Why My Mother Stayed with My Father

Rate: 12 Flag
 
My parents met in a concentration camp in Germany toward the end of World War II.  
 
luka
 
My mom had been brought to Germany by the Nazis to work in a slave labor camp.  The day she was captured she saw her mom and her sister and her sister's baby killed by German soldiers.  My mom was crying so much when she got to the camp that one of the guards said if she didn't stop crying they would shoot her. 

Near the end of the war, my dad and some other slave laborers were brought to my mom's camp by German guards who were escaping the Russians.  The Germans left him there and fled toward the American lines.  When my mom saw my dad, he was a scarecrow in rags.  He weighed about 70 pounds and had only one eye.  He had lost the other when a guard clubbed him for begging for food.  

She was 23, he was 25.  She had been a slave for 2 years, he had been one for 4.  

They met in that camp, and after liberation they did what a lot of people did.  First, they had something to eat, and then they got married.

It was a hell of a marriage.  They fought and argued for the next 50 years -- even on Sunday mornings -- and even on Christmas Day.

It got so bad at times that -- after we came to America -- my sister and I would plead with my parents to get a divorce.  

They never did.  When my dad died in 1997, they were still married.  52 years.
 
smiling parents 
 
When I was about 57 or 58, I started wondering why they didn't get a divorce, why they stayed together through all the misery they put each other through.  The answer to that question became a poem in my book about them, Lightning and Ashes.  The poem is called "Why My Mother Stayed with My Father."


Why My Mother Stayed with My Father
 
She knew he was worthless the first time 
she saw him in the camps: his blind eye,
his small size, the way his clothes carried 
the smell of the dead men who wore them before. 

In America she learned he couldn’t fix a leak
or drive a nail straight.  He knew nothing 
about the world, the way the planets moved,
the tides.  The moon was just a hole in the sky,

electricity a mystery as great as death.
The first time lightning shorted the fuses, 
he fell to his knees and prayed to Blessed Mary 
to bring back the miracle of light and lamps.
 
He was a drunk too.  Some Fridays he drank
his check away as soon as he left work.
When she’d see him stagger, she’d knock him down
and kick him till he wept.  He wouldn’t crawl away.  

He was too embarrassed.  Sober, he’d beg 
in the bars on Division for food or rent
till even the drunks and bartenders
took pity on this dumb polack.

My father was like that, but he stayed
with her through her madness in the camps 
when she searched among the dead for her sister, 
and he stayed when it came back in America.

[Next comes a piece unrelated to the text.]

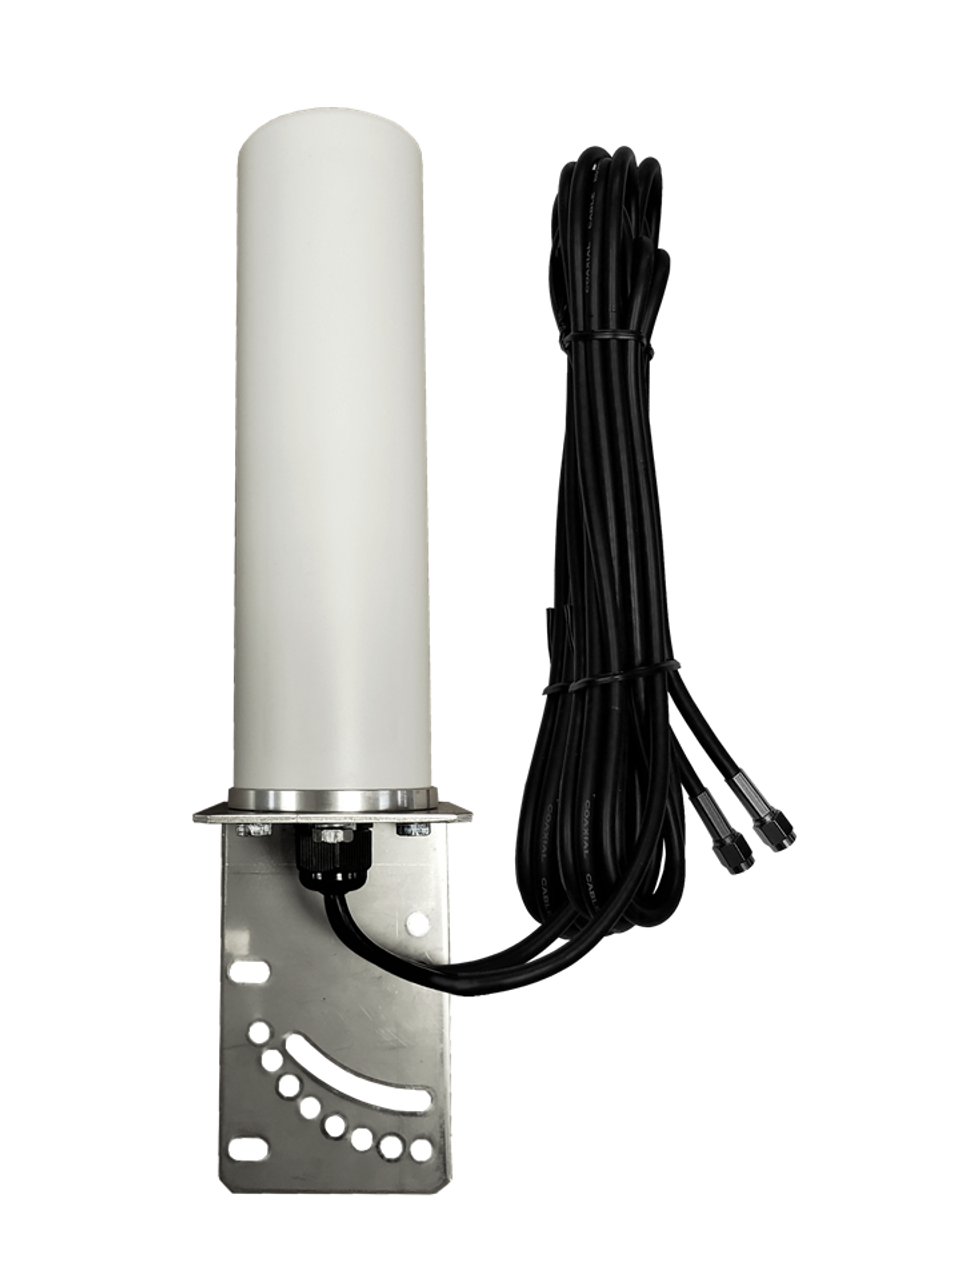 M19 Sierra Wireless LX60 Gateway M19 Omni Directional MIMO Cellular 4G LTE AWS XLTE M2M IoT Antenna w/16ft Coax Cables -2  x SMA

Maybe this was why my mother stayed.
She knew only a man worthless as mud,
worthless as a broken dog would suffer 
with her through all of her sorrow.

________

If you want to read more about my parents, you can check out a couple of the blogs here that talk mostly about them.  One is called DPs in the Polish Triangle about what my mom and dad were like when they got to America.  The other is called The Wooden Trunk We Carried With Us From Germany.  

Just click on the above titles, and it will take you right to them.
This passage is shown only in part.